Most legacy treatment systems are the product of an evolutionary process, with
some local services just springing up, some mandated by statute, and others added
over time as situations dictate and resources allow – an abstinence service here, an
alcohol service there, a street agency, DIP, NHS mental health service, some GP-run
services, etc, etc – and each one (usually) with its own information system,
buildings, management structures and gate-keeping criteria. None of them talk
much to each other, not many understand who is responsible for what, and service
users bounce around this patchwork system getting a bit of this, a bit of that. Some
find that they just don’t seem to fit any of the criteria for any service, and give up.
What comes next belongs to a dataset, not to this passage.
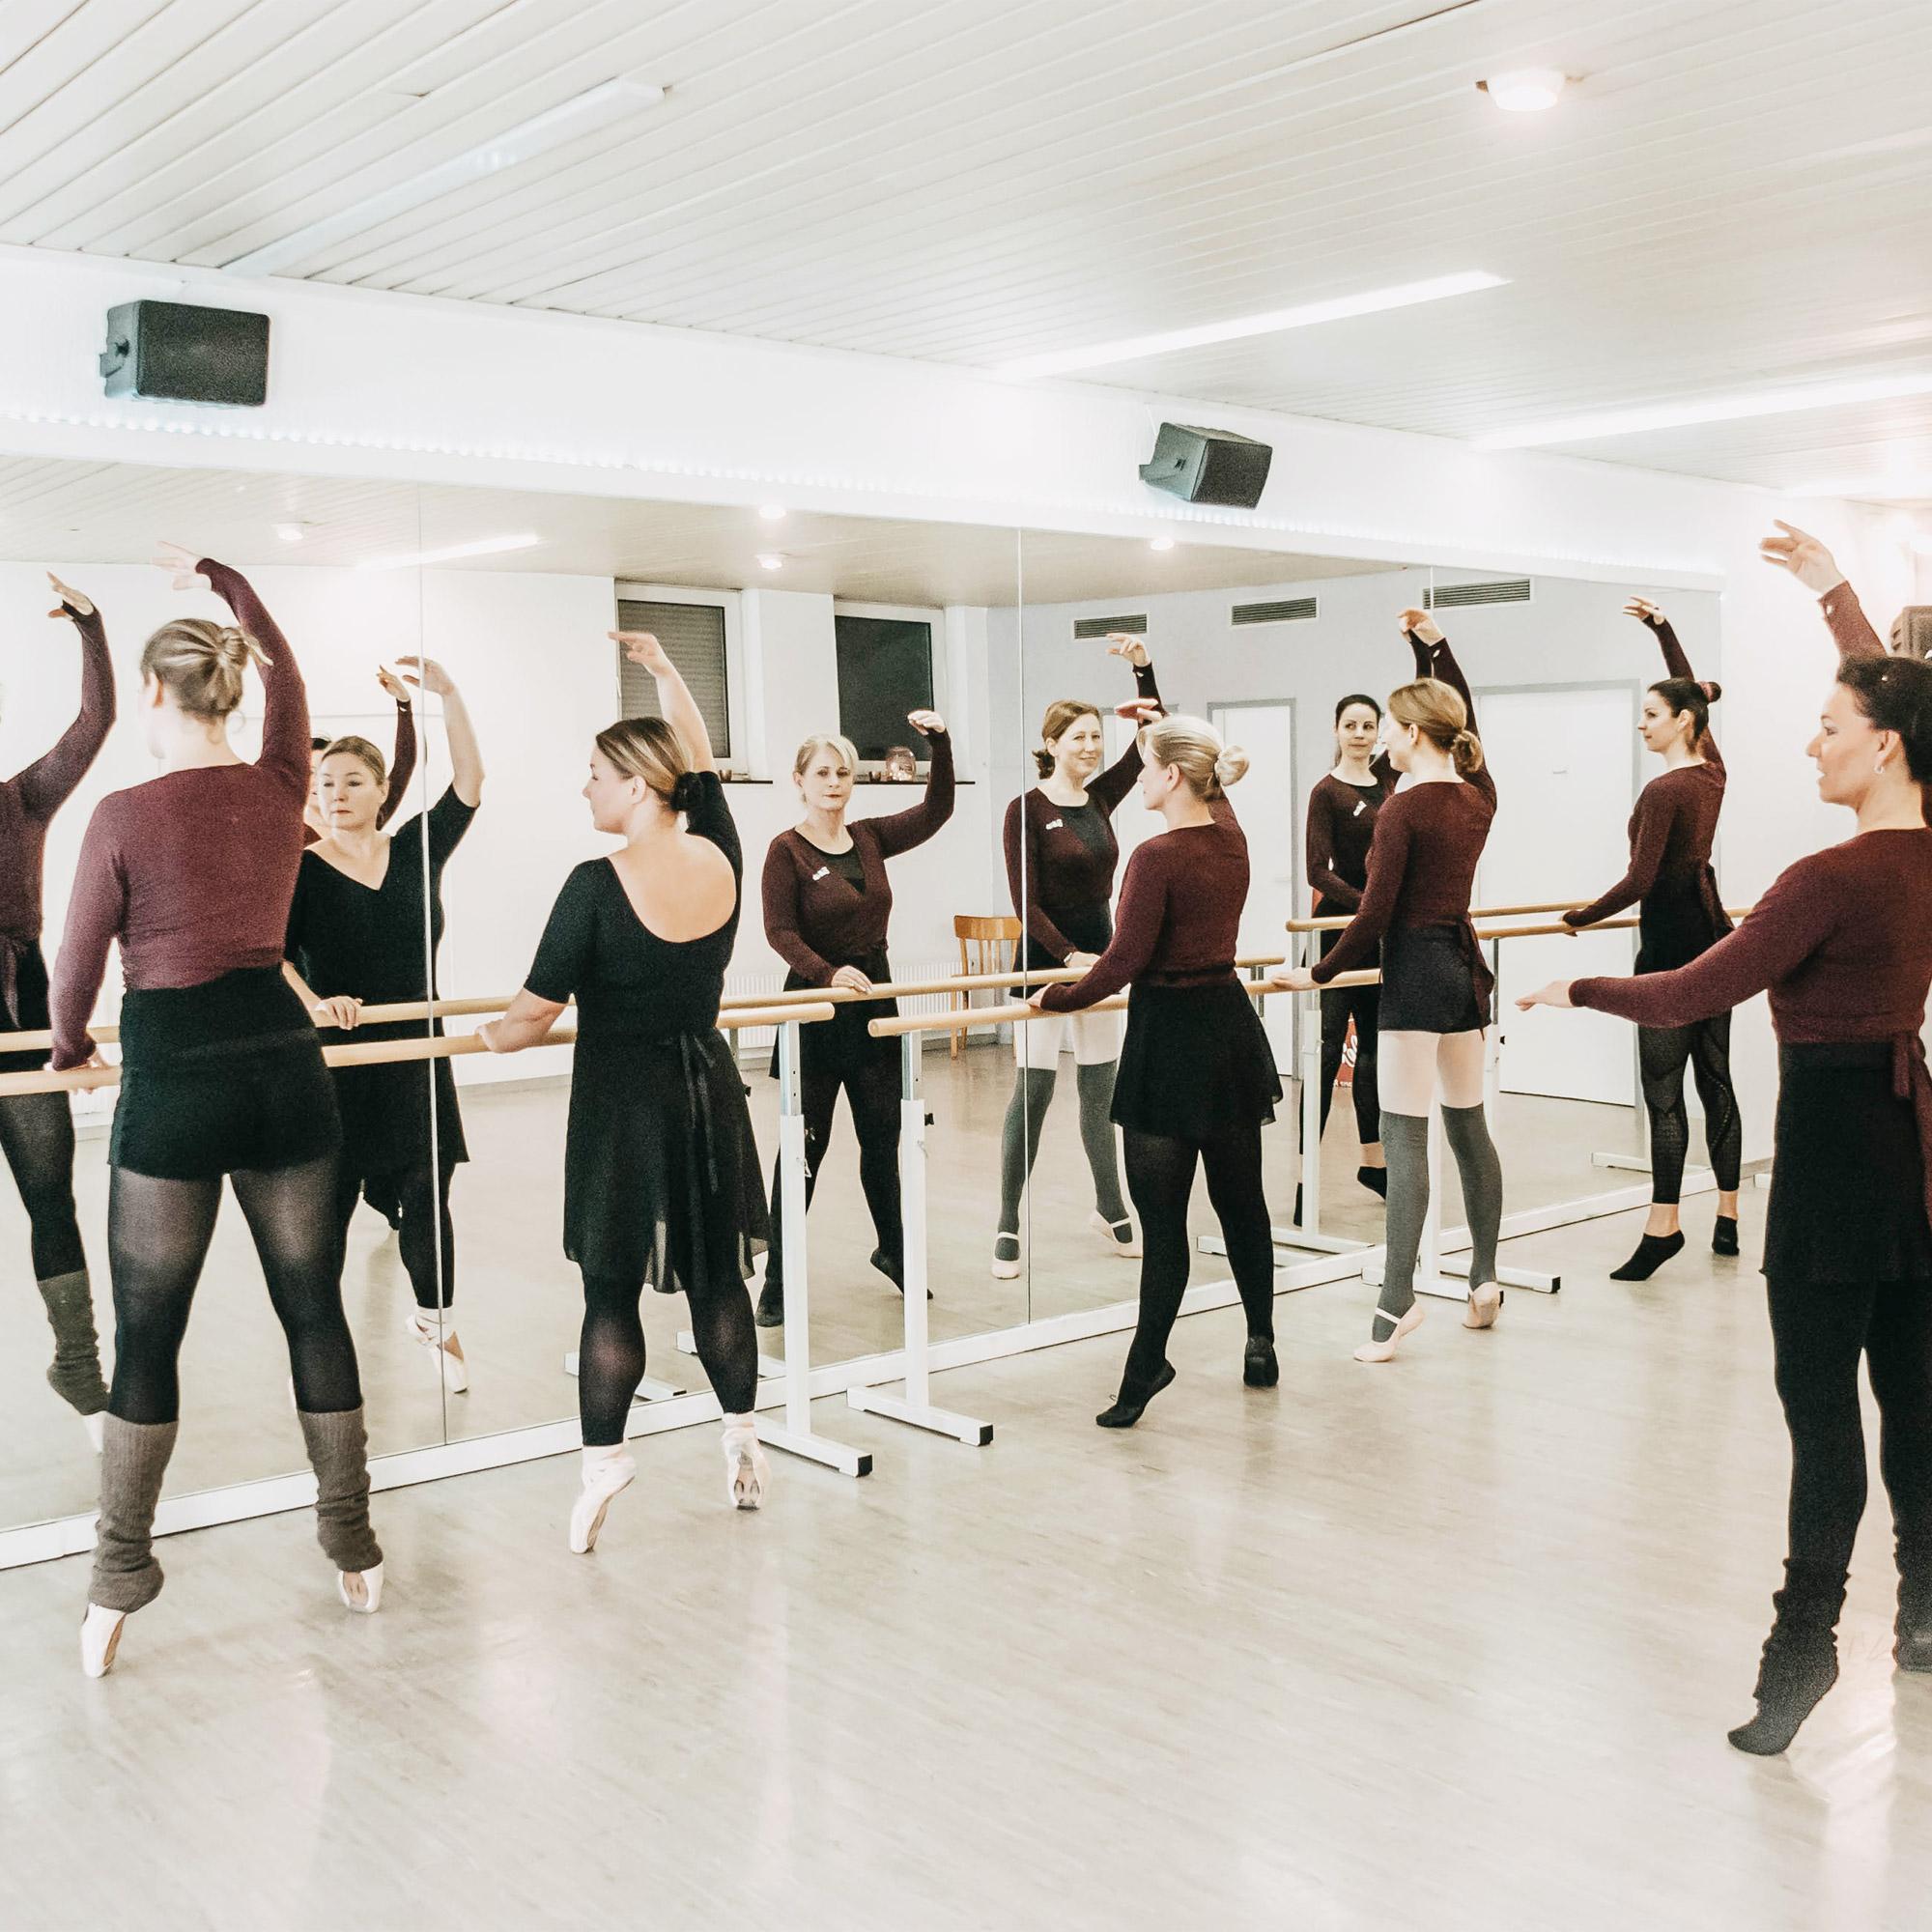 Ballerita_Ballett_Jazz_Tanz_Training_Muelheim_Duisburg_Fit wie eine Ballerina-3
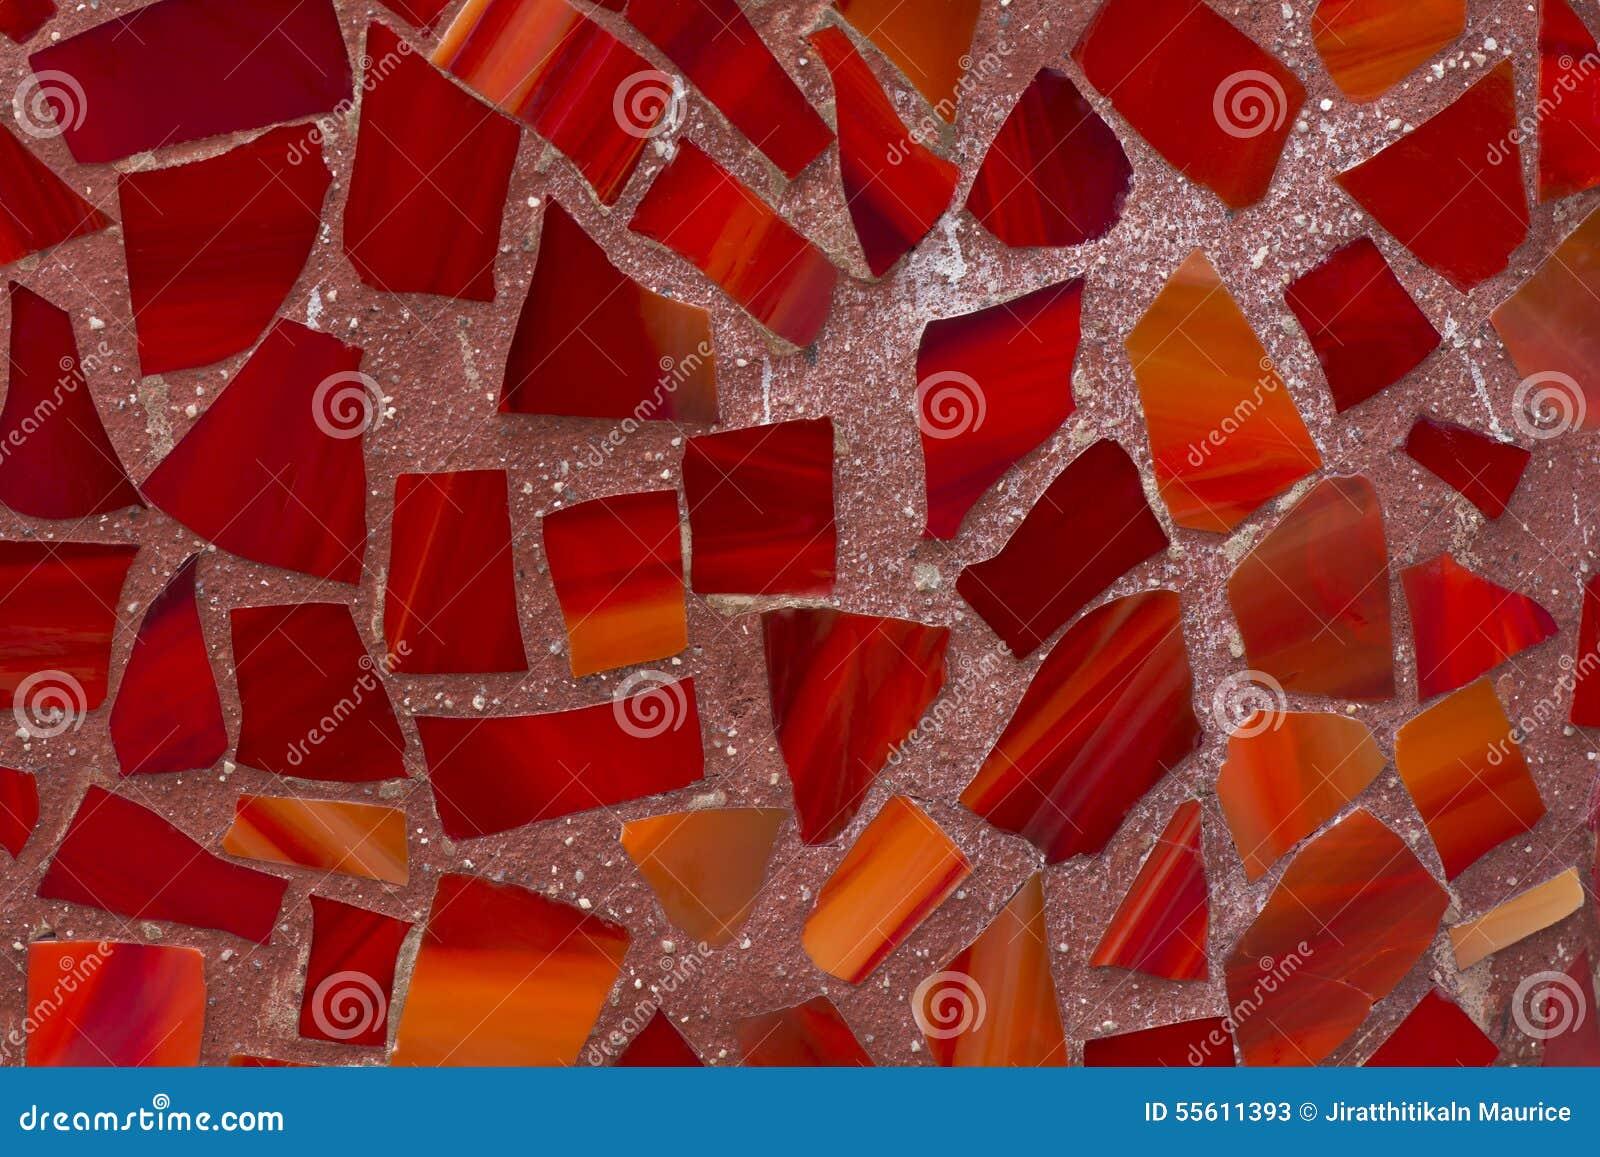 Red Glass Mosaic Wall Pattern Stock Photo Image 55611393

Rationalising all of this makes abundantly good and obvious sense. Get one
provider to be responsible for everything – one management structure and one set
of buildings to pay for, one cohesive team of personnel that can absorb
fluctuations in staffing without falling over, everyone talking to each other in one
information system. And just one place for service users to turn up to, where they
can get help at whatever stage they are at in their addiction ‘journey’ – from drop-
in needle exchange and advice, through specialist prescribing and psychosocial
interventions, to detox, relapse-preventing aftercare, family and carer support, and
links to employment, housing and so forth. Everyone works to shared protocols and
practices, at one place, with pathways to everything that is needed. There is one
treatment system that can encompass more than one treatment philosophy, with
just one phone number to call.
Such systems are true ‘integrated’ treatment systems. There are many that
claim to be integrated, but are in fact one building that houses several different
services, or integrated in that you get most things but still have to go somewhere
else for, say, your DIP worker. Others look as if they are integrated because there is
just one name for the service, but then you find that it is a confederation of
providers with disparate approaches.
All of these may work to a greater or lesser extent – there are some excellent
examples of multiple providers working well together and some which struggle,
but if you build fault lines into a system, the chances are that tensions can turn
these fault lines into fractures. And inevitably, to try to pre-empt fracturing and to
make it all work, there are a million more weekly meetings to get all parties
around the one table to thrash it all out.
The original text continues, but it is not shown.